Celery is an asynchronous task queue based on distributed message passing. Tasks are executed concurrently on one or more worker servers using multiprocessing, Eventlet or gevent. Tasks can execute asynchronously (in the background) or synchronously (wait until ready).

Architecture:

Fig1 : Celery architecture

The main part of this architecture is the broker (transporter), which handles all the task processing.

The client sends tasks to the broker, and the broker uses round robin to distribute those tasks to workers.

Setup and Installation:

1. Broker/Distributor:

We can use RabbitMQ or Redis as a broker; Celery has full support for these two brokers.

But here I am going to use RabbitMQ for the setup.

First of all, install RabbitMQ on the broker machine.

RabbitMQ is available for both platforms, Linux and Windows; you can use either.

After installation, we have to configure the broker machine so that clients and workers can connect to it.

Configuration:

  • Using rabbitmqctl command, run the below commands

[In windows, you can find it here C:\Program Files\RabbitMQ Server\rabbitmq_server-3.6.6\sbin]

  • rabbitmqctl add_user <user_name>

- rabbitmqctl add_vhost <vhost_name>

- rabbitmqctl set_permissions -p <vhost_name> “.*” “.*” “.*”

- rabbitmqctl restart

The above commands will setup a user and virtual host with full permissions on the broker machine.

Now, install the Celery package in Python on the broker machine.

You can directly install Celery using the below command.

pip install celery

Your broker machine is ready; let’s move towards the worker machines setup.

2. Workers:

Install the Celery package on the worker machines as well.
Now, we need to implement connectivity between the workers and the broker.
Here, I am following the below project structure for the worker machine.
distributor [name of project directory]
               |—– celery.py
               |—– tasks.py

You can add the below celery.py in the project directory (distributor) for the connectivity.

from __future__ import absolute_import, unicode_literals
from celery import Celery
app = Celery('distributor',
             broker='amqp://<user>:<password>@<ip>/<vhost>'),
             backend='amqp://',
             include=['distributor.tasks'])
app.conf.update(result_expires=3600,)
if __name__ == '__main__':
    app.start()

Here,
user - user name of broker machine that we have created
password - password of broker user
ip - IP of broker machine
vhost - virtual host of broker machine
distributor.tasks - distributor is the name of our project directory and tasks is the name of the Python file where we are going to add our tasks.

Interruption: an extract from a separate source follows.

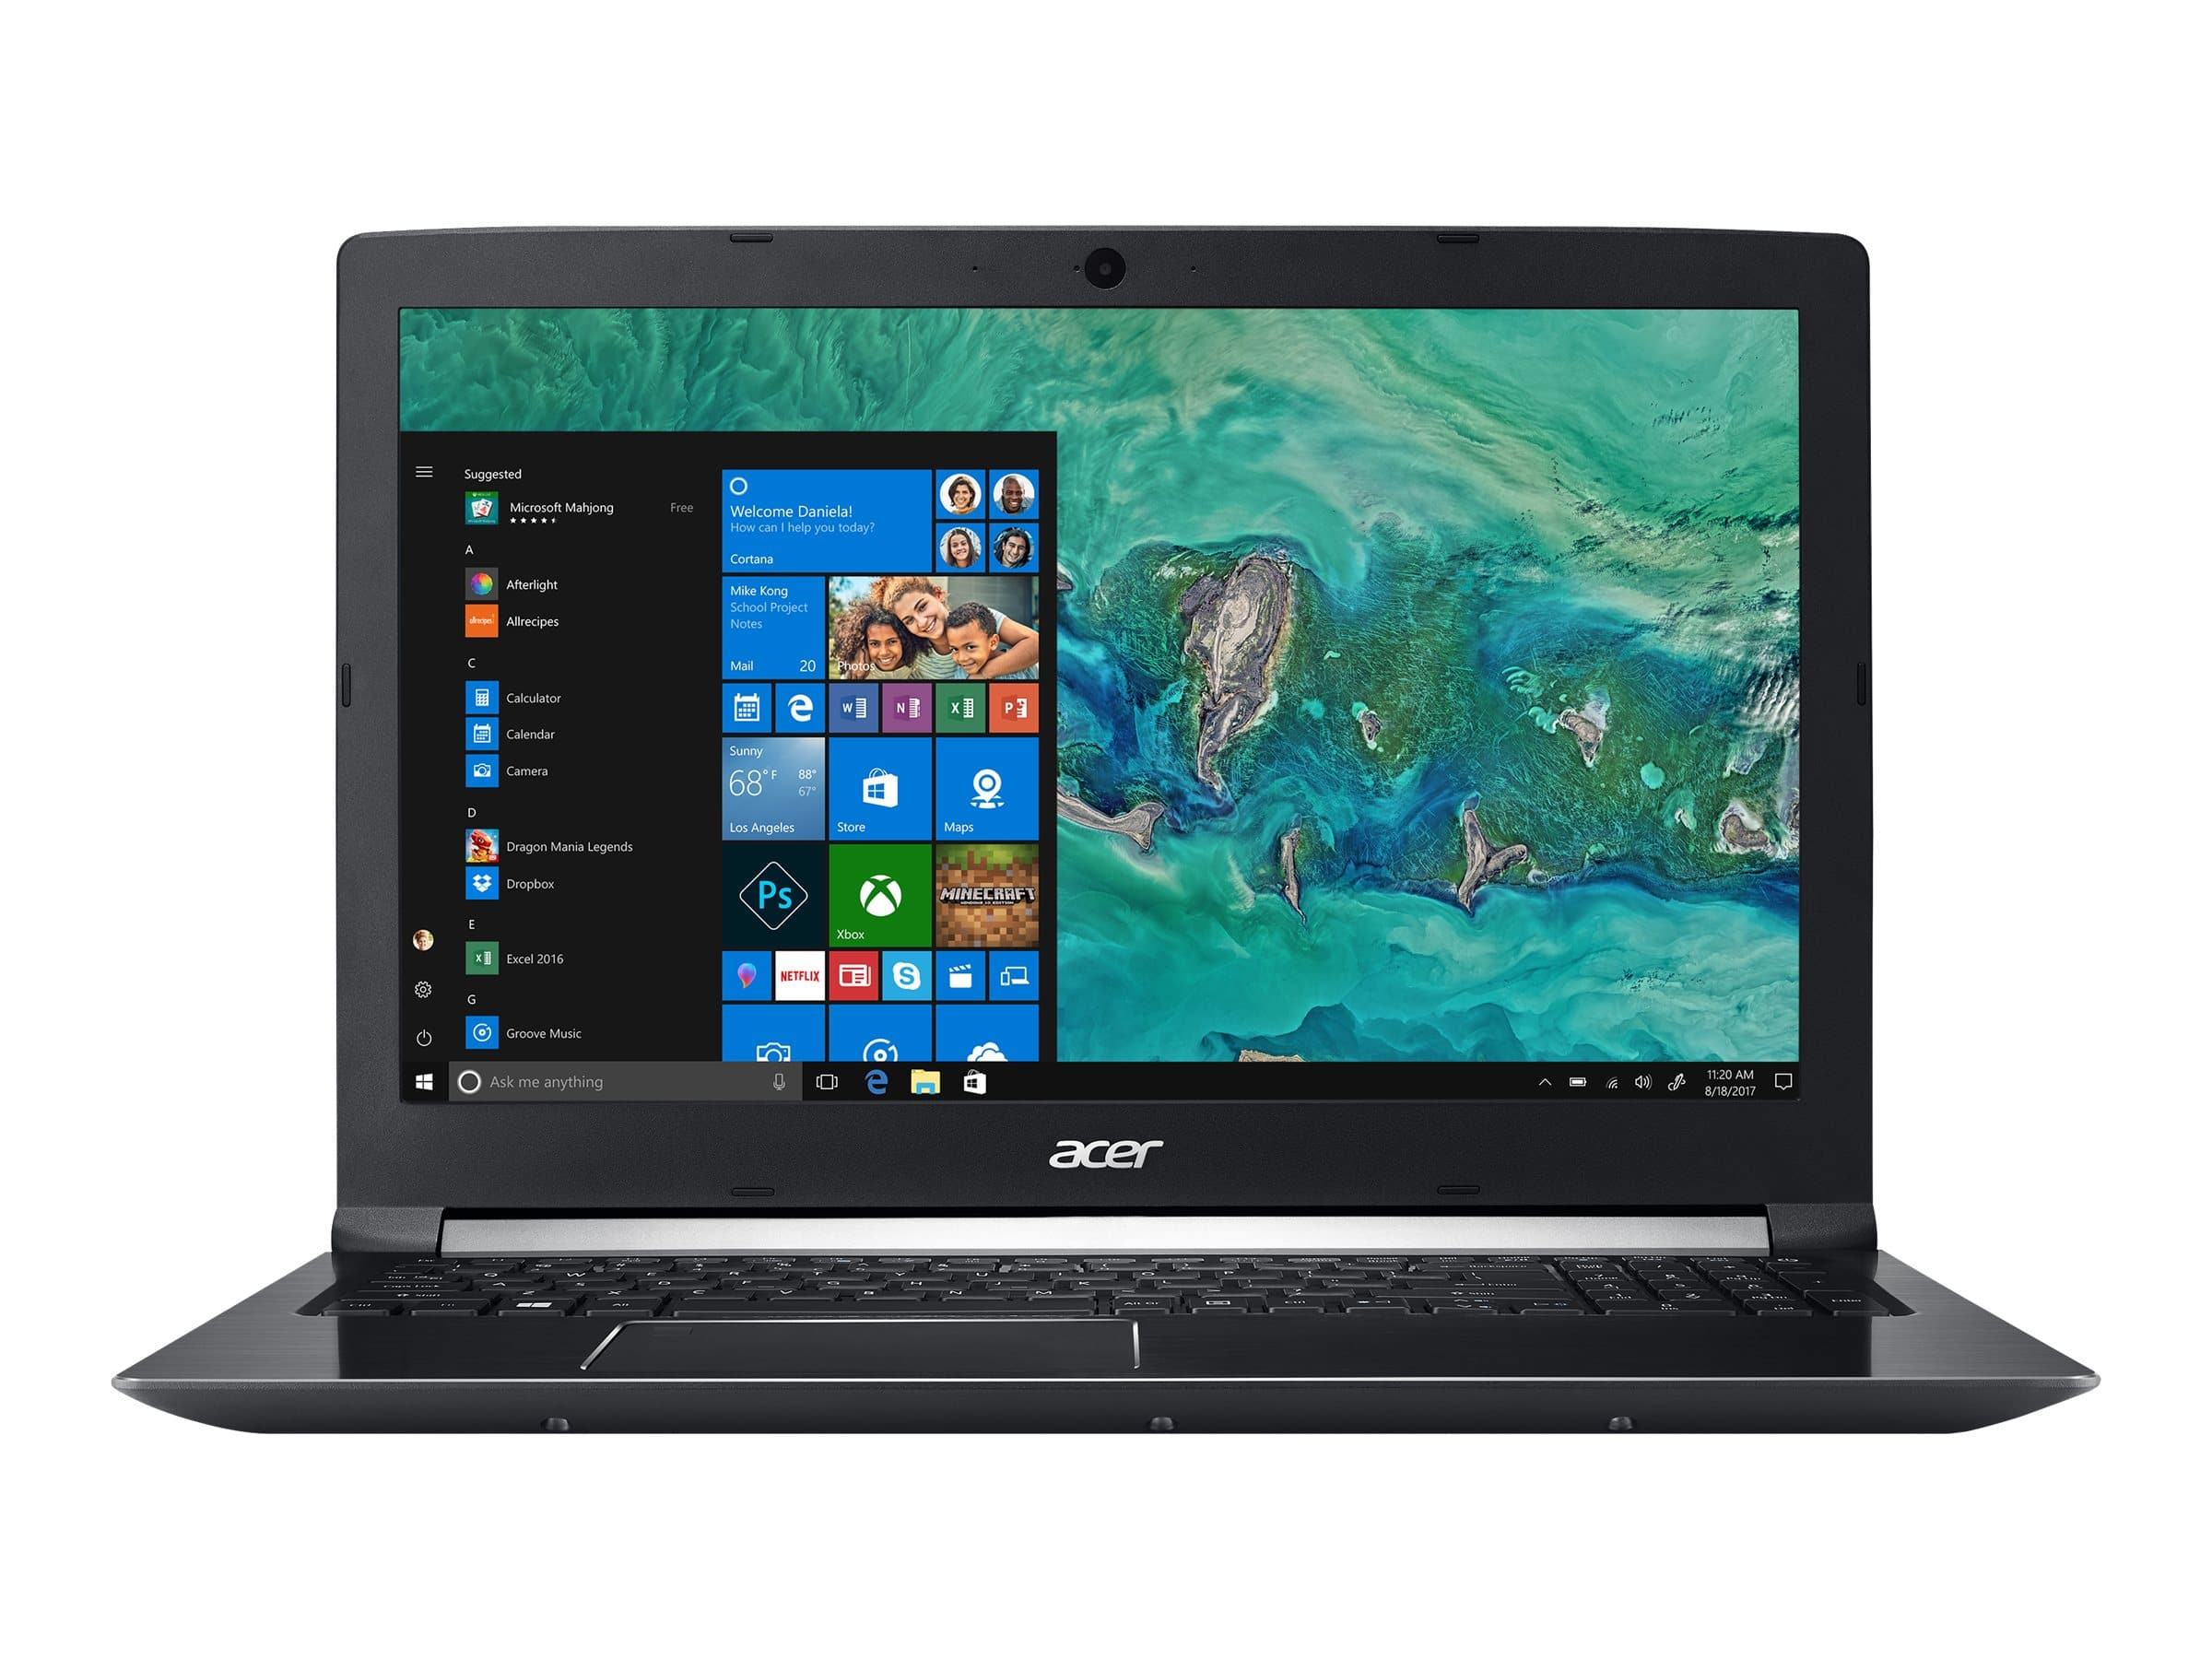 "Acer Aspire 7 A715-72G-79BH, 15.6"" Full HD, 8th Gen Intel Core i7-8750H, NVIDIA GeForce GTX 1050, 8GB DDR4, 1TB HDD, HDMI 2.0, Fingerprint Reader, Windows Hello $599"
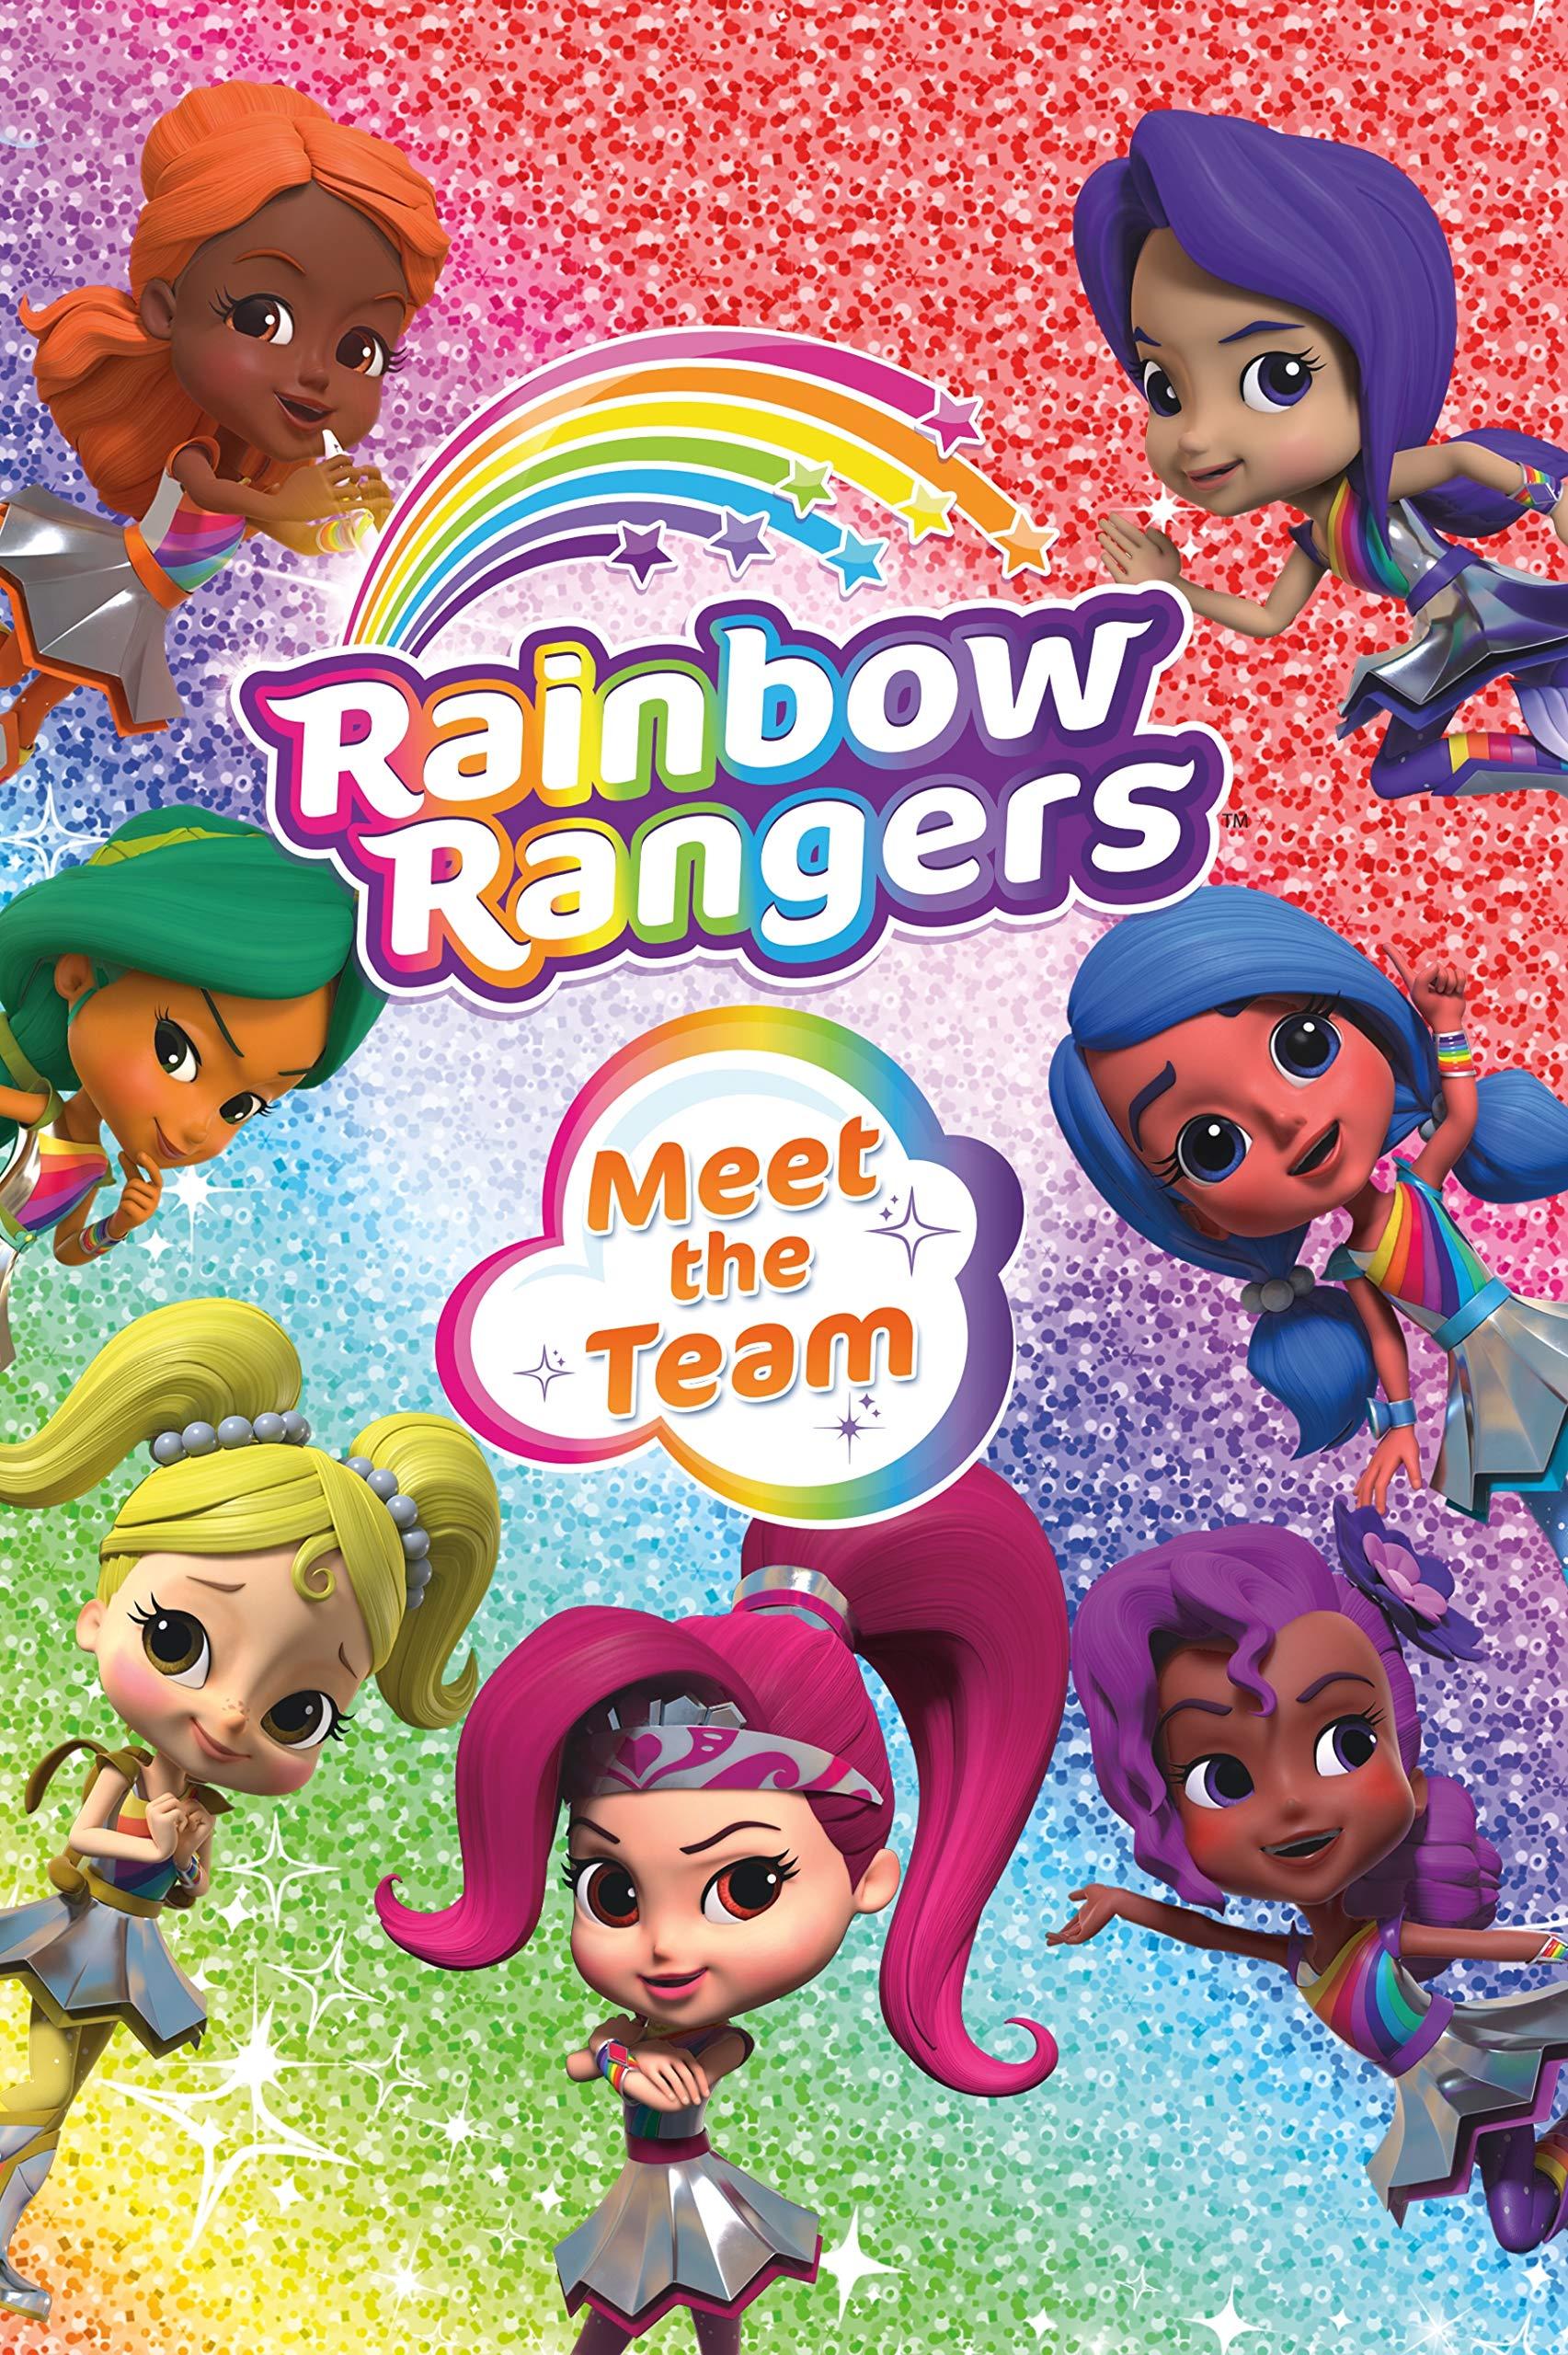 Rainbow Rangers Meet The Team Greene Summer 9781250190314 Books Amazon Ca

In tasks.py, we have the following simple Celery task.

from __future__ import absolute_import, unicode_literals
from .celery import app
from celery.utils.log import get_task_logger
from celery.backends.amqp import AMQPBackend
import time

log = get_task_logger(__name__)
@app.task(backend=AMQPBackend(app, url='amqp://'))
def add(x,y):
 log.info('Calling task add(%d, %d)'%(x,y))
 print('I am in task add')
 z = sum(x,y)
 return z
def sum(x, y):
 time.sleep(10)
 return(x+y)

You can add any Python function as a Celery task which you want to execute on multiple worker machines at the same time.

We have created the worker configuration and worker tasks; now it is time to start the worker.
To start the worker, we need to execute the following command from the project directory.

celery -A distributor worker -l info

Here,
celery - command
distributor - project directory
-l info - for logging option

After execution of this command, the worker will connect with the broker and always be ready for task execution.
You can set up multiple workers on the same machine with the following command.

worker1(cmd) : celery -A distributor worker -l info -n worker1%n
worker2(cmd) : celery -A distributor worker -l info -n worker2%n

If your tasks are difficult or take a lot of time, then it is better to have a single worker per machine.

Now we have broker and worker connectivity.
You can add any number of workers (depending on your tasks) to the broker with the same procedure and same configuration explained above.

3. Client:

We have a ready-to-use distributed architecture with broker and workers.
You can run the client on any machine to send tasks to the distributed system (broker and workers).
For demo purposes, I have the below client.
Add this script as client.py in the project directory (distributor) and run it.

from distributor.tasks import add
import time
task_ids = []
for i in range(20):
 print('Running : %d'%i)
 id = add.delay(5, i)
 task_ids.append(id)
for i in range(len(task_ids)):
 while not (task_ids[i].state == 'SUCCESS'):
  continue
 print(str(i) + ' : ' + str(task_ids[i].get()))

That’s it.
If you are having a big task which is running on single machine and takes too much time then you can make it distributed and reduce lot of time.

Monitoring:

For real-time monitoring of distributed architecture, tasks distributions, active running workers, active broker, you can install flower python package.
Flower is a web based tool for monitoring celery clusters, you can install it using simple following command.

pip install flower

After installation, you can run the server using following command.

flower -A proj --port=5555

Now, you can visit this URL http://localhost:5555 for monitoring celery clusters.

Fig2 : Celery Flower